On his return from the US, Steve began experimenting with smoking techniques. His first efforts involved tea smoking using a wok.
“It’s actually quite easy and very effective,” Steve says. “You get a wok, cover the bottom with foil, mix together tea leaves of your choice, dried rice and sugar and toast over the heat.
“You then get a bamboo steamer, add your food, place that on top of the tea and finish off with a tight fitting lid. While the food cooks it takes on the heady, smoky scent of the toasted tea and rice.
“You can cook a piece of flavourful, tender, smoky trout in about 10 minutes. And it’s not just fish you can do. I was experimenting with all sorts of meats, like game birds.
“From there I moved on to barbecuing.”
But Steve never imagined he would be able to earn a living from his culinary sideline.
Then, in 2012, a call for voluntary redundancies at work coincided with a TV programme Steve saw on running your own successful business. “The thing that kept coming across was that the best ideas are often borne out of something you are already passionate about and know.
“I thought the time had come to take a leap of faith and to do something I love. So I decided to take up the offer of voluntary redundancy and I threw everything I had into getting Northumbrian Smokehouse off the ground.”
It has proved a wise move. More than a quarter of a century of experimentation and travel to some of the world’s top foodie hotspots has gone into the venture.
“I have travelled all over the world and I have always made a beeline for the barbecue places, especially in Australia and Asia. I have absorbed all these influences and they are certainly coming out in the smoked foods I am doing.
“In Asia barbecue street food is quite big. Vietnam was a fantastic place. The food is just so fresh, unadulterated and has just the right amount of heat to it. I like a bit of heat in my food, but not too much.”
Steve is aiming to make his mark by offering food that goes beyond the norm, such as his smoked mushroom pâté. “It’s one of my bestsellers and is a bit unusual. It’s not something you can get elsewhere.”
Having established himself as a regular on the North East’s artisan food scene, Steve has big plans for the next 12 months.
He wants to begin pushing his range of smoked foods out into delicatessens and farm shops and will be taking online orders via a new website.

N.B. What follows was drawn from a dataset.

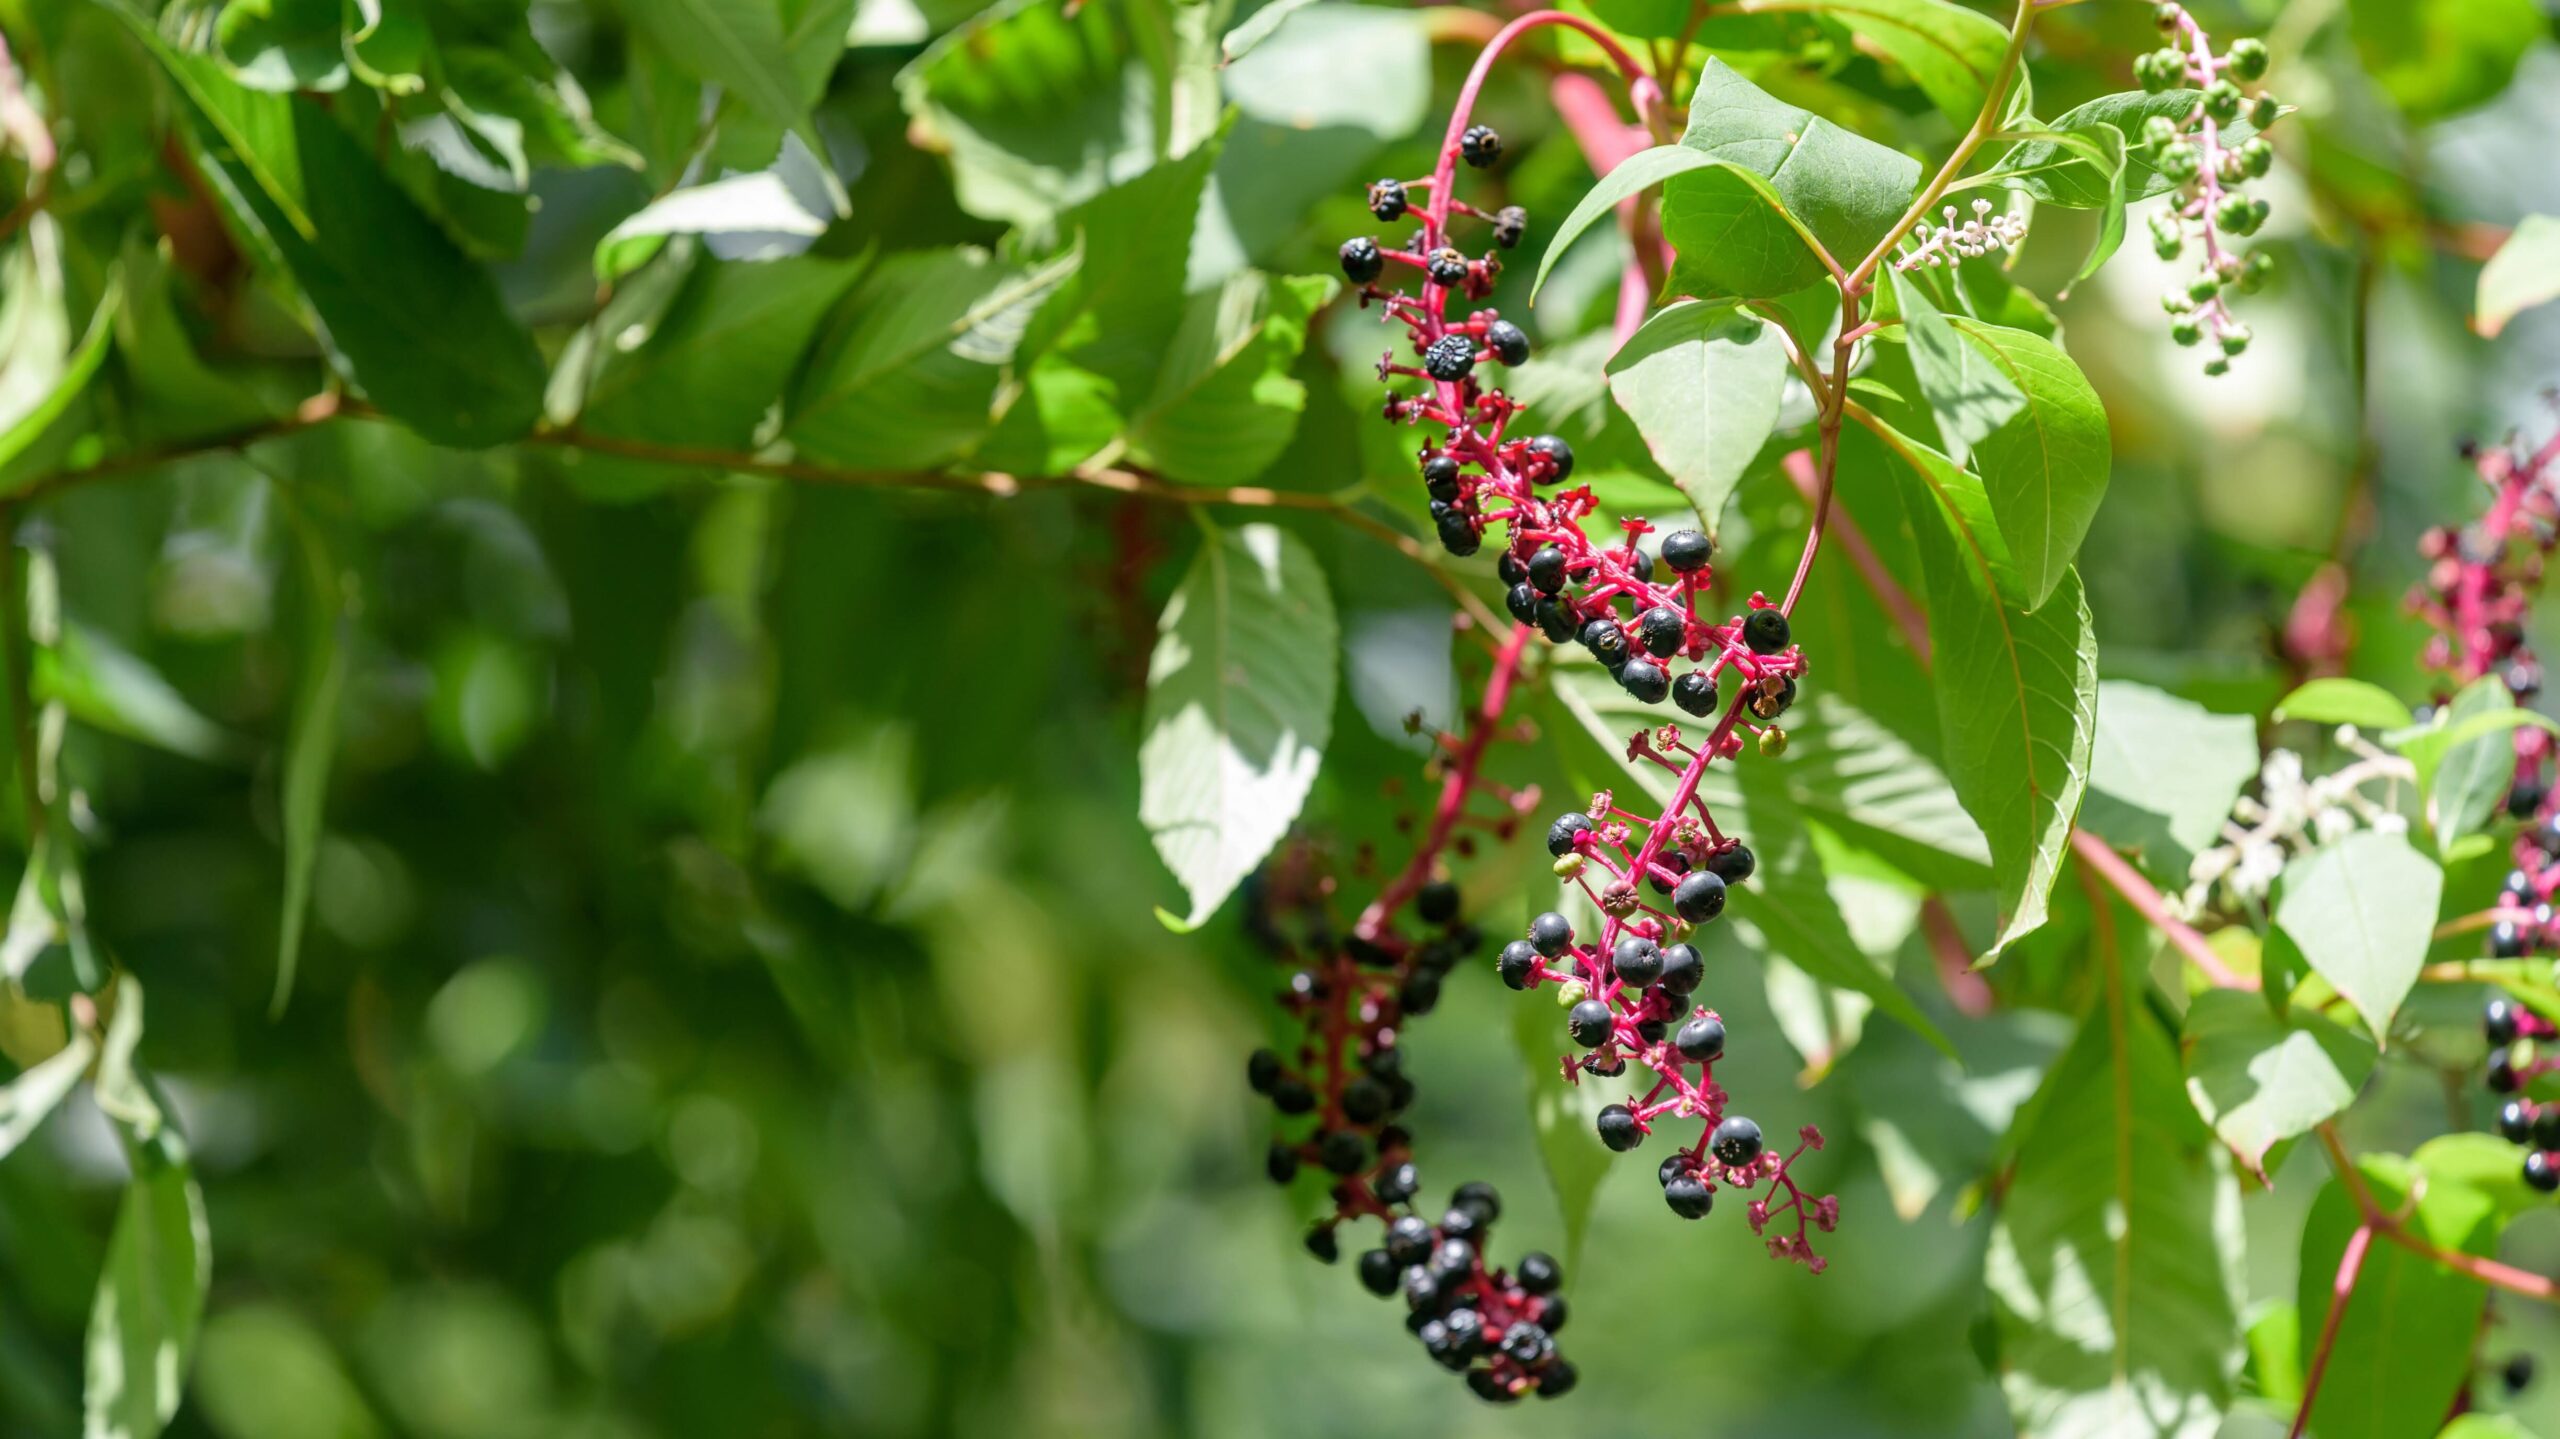  cluster of Pokeweed berries, American pokeweed

He had toyed with opening his own high street outlet, but while smoking food is an ancient craft, it is ironic that nowadays it is viewed as a luxury item.
Not that Steve charges extravagant prices. A 140g pot of smoked chilli and garlic houmous comes in at £1.20, smoked and roasted cashews at £1.60 for an 80g tub and smoked chicken liver, brandy and orange pate at £2.60 for 130g.
That’s cheaper than most supermarket brands.
But there is definitely nothing mass-produced about what Steve is offering. He’s showing there is much more to smoked food than just salmon.
“The process is fairly simple: it’s just your raw ingredient and smoke. But out of that, something amazingly tasty and different is created.”
It’s no wonder Steve gets so fired up when it comes to smoking.